Epilogue: No Predictions
When will we have a one billion digit prime? Good question! In the early days of the GIMPS search, my predictions were reasonable, but recently things have taken a turn (see the graph) that defies prediction using simple regressions and past history. My last prediction was way off!

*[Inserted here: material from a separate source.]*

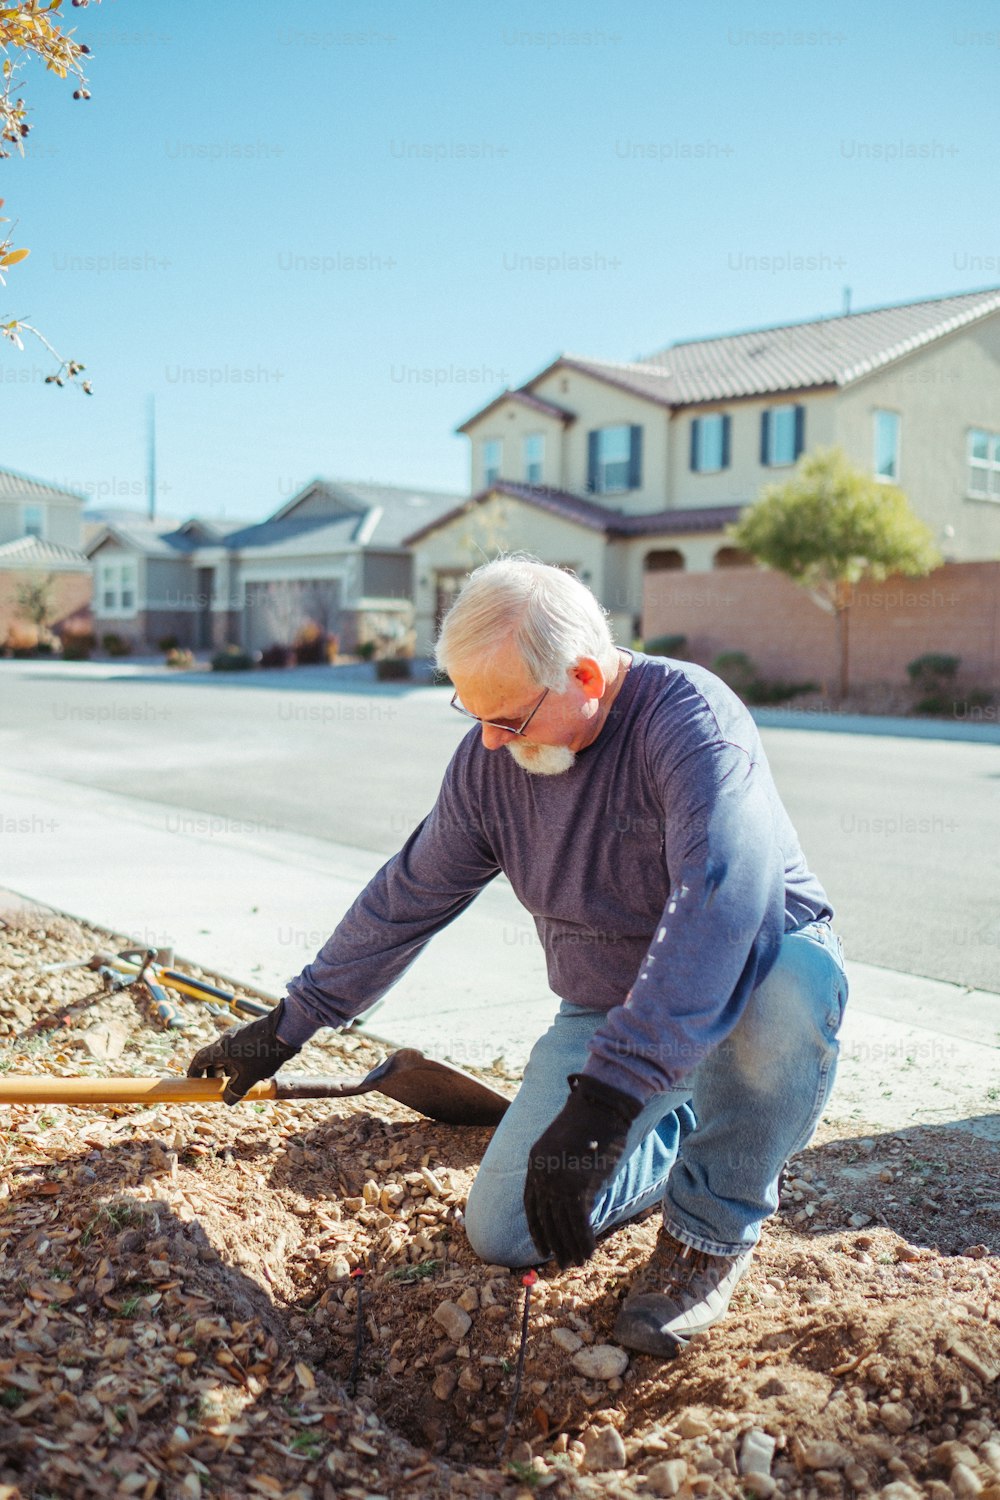 Un homme creuse un trou dans le sol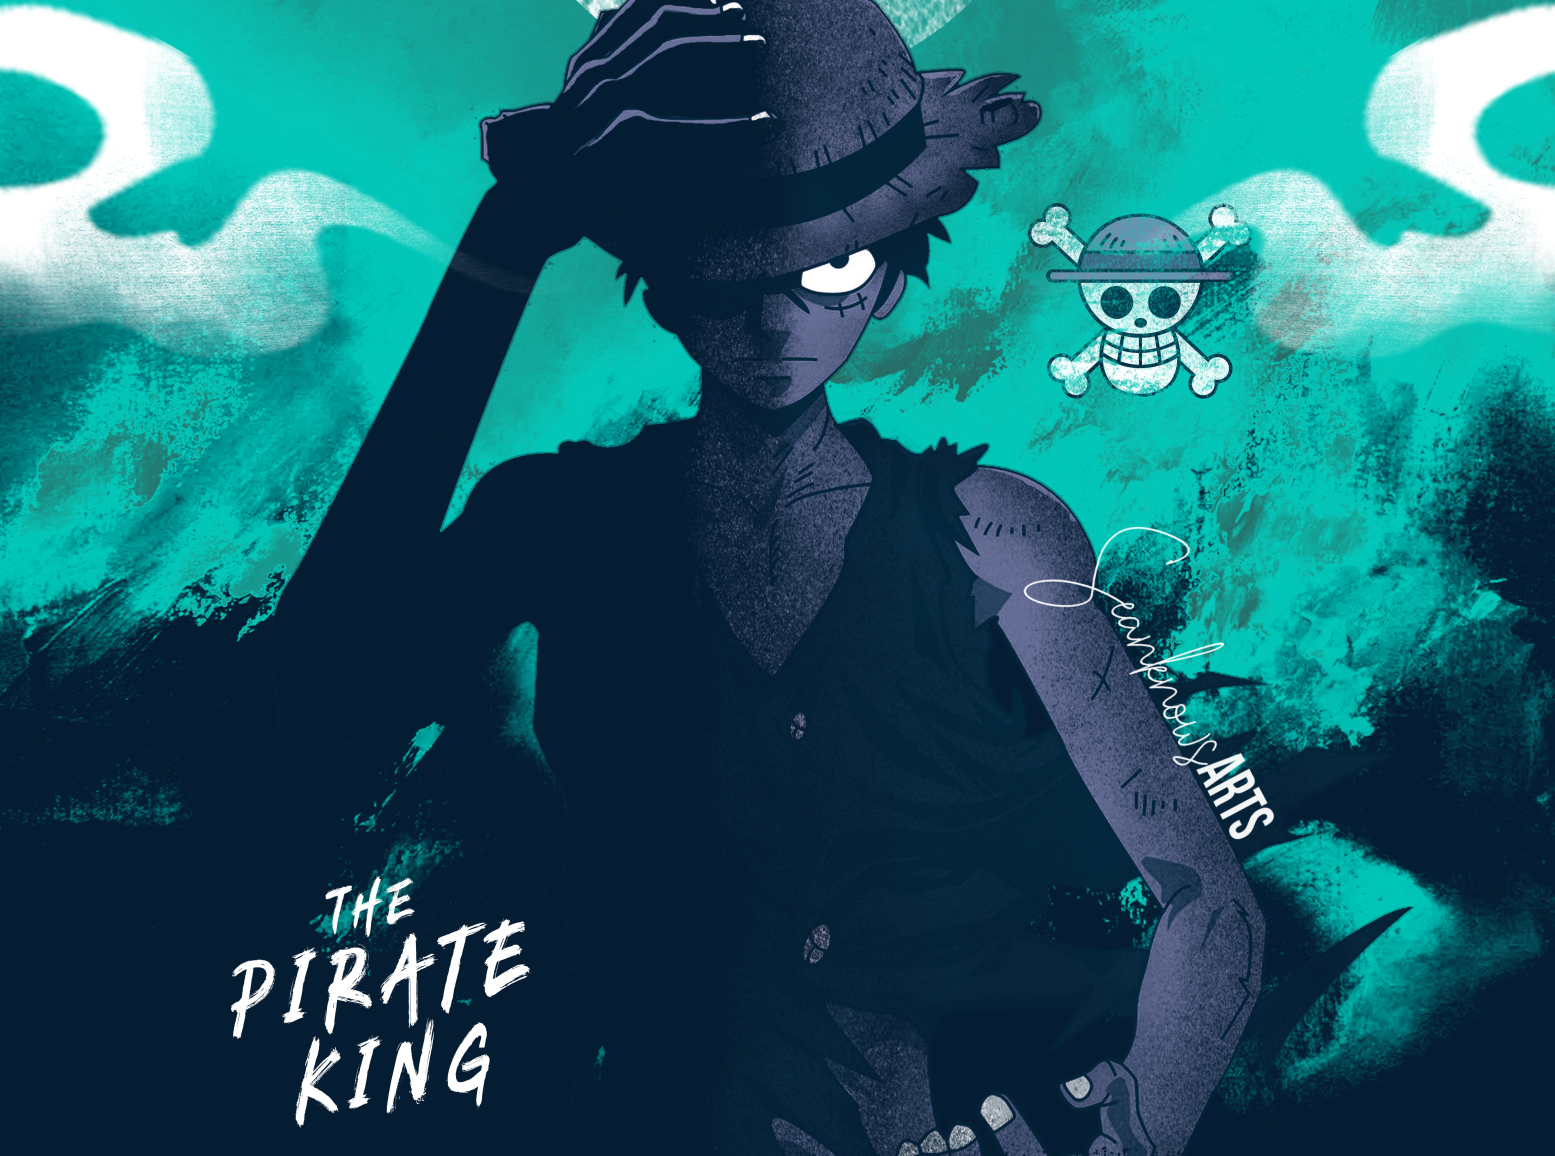 Pirate King One Piece là danh hiệu cao quý nhất trong thế giới One Piece. Chiến đấu dũng mãnh và thông minh, Luffy đã đạt được danh hiệu này. Hãy xem ảnh liên quan để chiêm ngưỡng danh hiệu ấn tượng của vị vua hải tặc này.

I am getting out of the time prediction business. So we will end with a linear graph and a gratuitous cubic below. Useful future predictions should be based not only on heuristics such as found on the page Where is the Next Mersenne?, but should also track the usage data for projects like GIMPS. It is the current participants, not the past, which will find the next prime.